Personal information
- Full name: Arnaud Sutchuin-Djoum
- Date of birth: 2 May 1989 (age 37)
- Place of birth: Yaoundé, Cameroon
- Height: 1.83 m (6 ft 0 in)
- Position: Midfielder

Team information
- Current team: RSCA Futures (U16 coach)

Youth career
- R.S.D. Jette
- Brussels

Senior career*
- Years: Team / Apps / (Gls)
- 2006–2007: Brussels / 12 / (1)
- 2008–2009: Anderlecht / 0 / (0)
- 2009–2014: Roda JC / 123 / (9)
- 2014–2015: Akhisar Belediyespor / 13 / (0)
- 2015: Lech Poznań / 3 / (0)
- 2015: Lech Poznań II / 4 / (0)
- 2015–2019: Heart of Midlothian / 110 / (14)
- 2019–2021: Al-Raed / 54 / (7)
- 2021–2022: Apollon Limassol / 8 / (0)
- 2022–2023: Dundee United / 16 / (0)
- 2023–2025: Union SG B / 39 / (1)
- Total:  / 382 / (32)

International career
- 2007–2008: Belgium U19 / 4 / (0)
- 2010: Belgium U20 / 1 / (0)
- 2016–2021: Cameroon / 28 / (0)

Medal record
Men's football
Representing Cameroon
Africa Cup of Nations
| Winner | 2017 Gabon |  |

= Arnaud Djoum =

Cameroonian footballer (born 1989)

Arnaud Sutchuin-Djoum (born 2 May 1989), also known as Arnaud Djoum or Arnaud Sutchuin, is a Cameroonian former professional footballer who played as a midfielder.
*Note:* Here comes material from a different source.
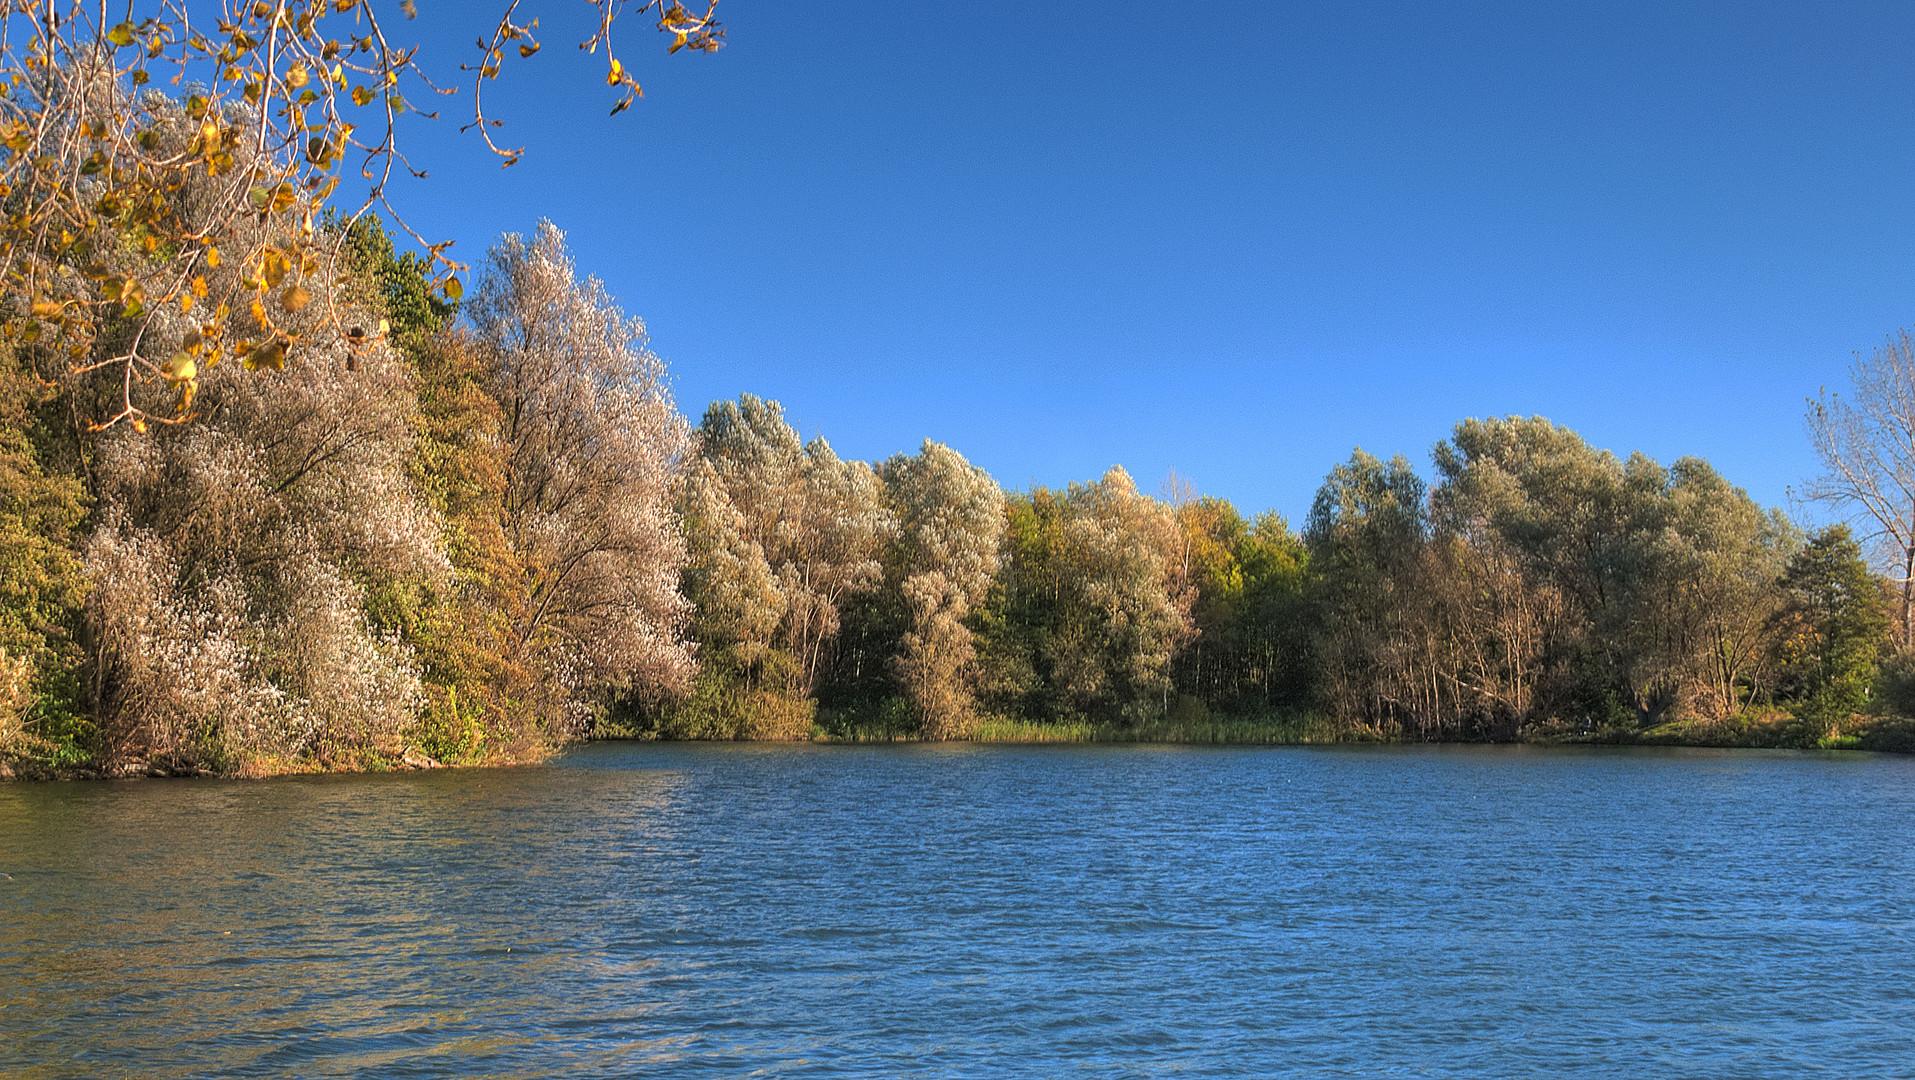 Goldener Oktober am Wilkenburgersee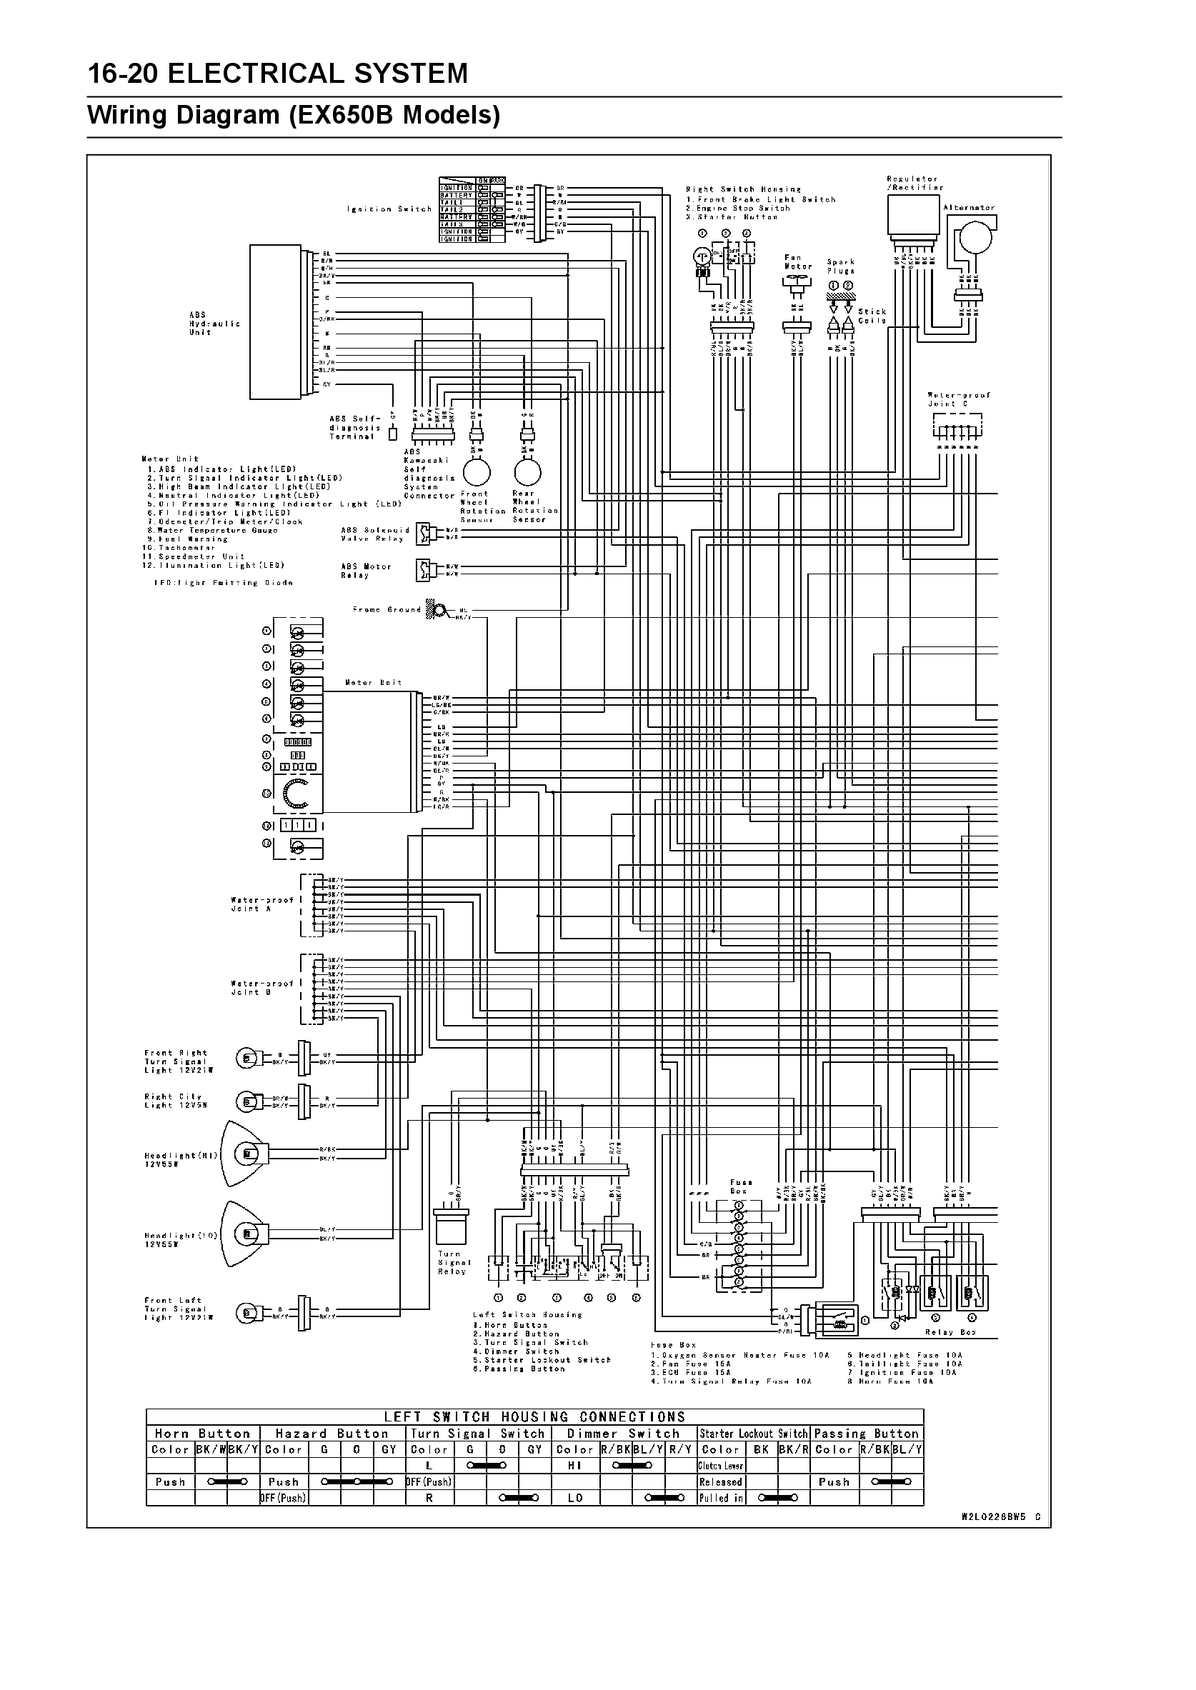 2008 Zx10r Headlight Wiring Diagram Images Of Home Design Speed Triple Kawasaki Ninja 650r Harness Triumph

He has previously played for Belgian clubs Brussels and Anderlecht, in the Netherlands for Roda JC, in Turkey for Akhisar Belediyespor, in Poland with Lech Poznań, in Scotland at Heart of Midlothian and Dundee United, for Saudi club Al-Raed and in Cyprus for Apollon Limassol.

==Career==
===Club===
Djoum started his career at Brussels in the 2006–07 season. He played 12 matches and scored one goal for the Belgian club. He moved to Anderlecht, but failed to make a break through. In January 2009, he moved to Roda JC Kerkrade in the Netherlands appearing 119 times over a span of 5 years.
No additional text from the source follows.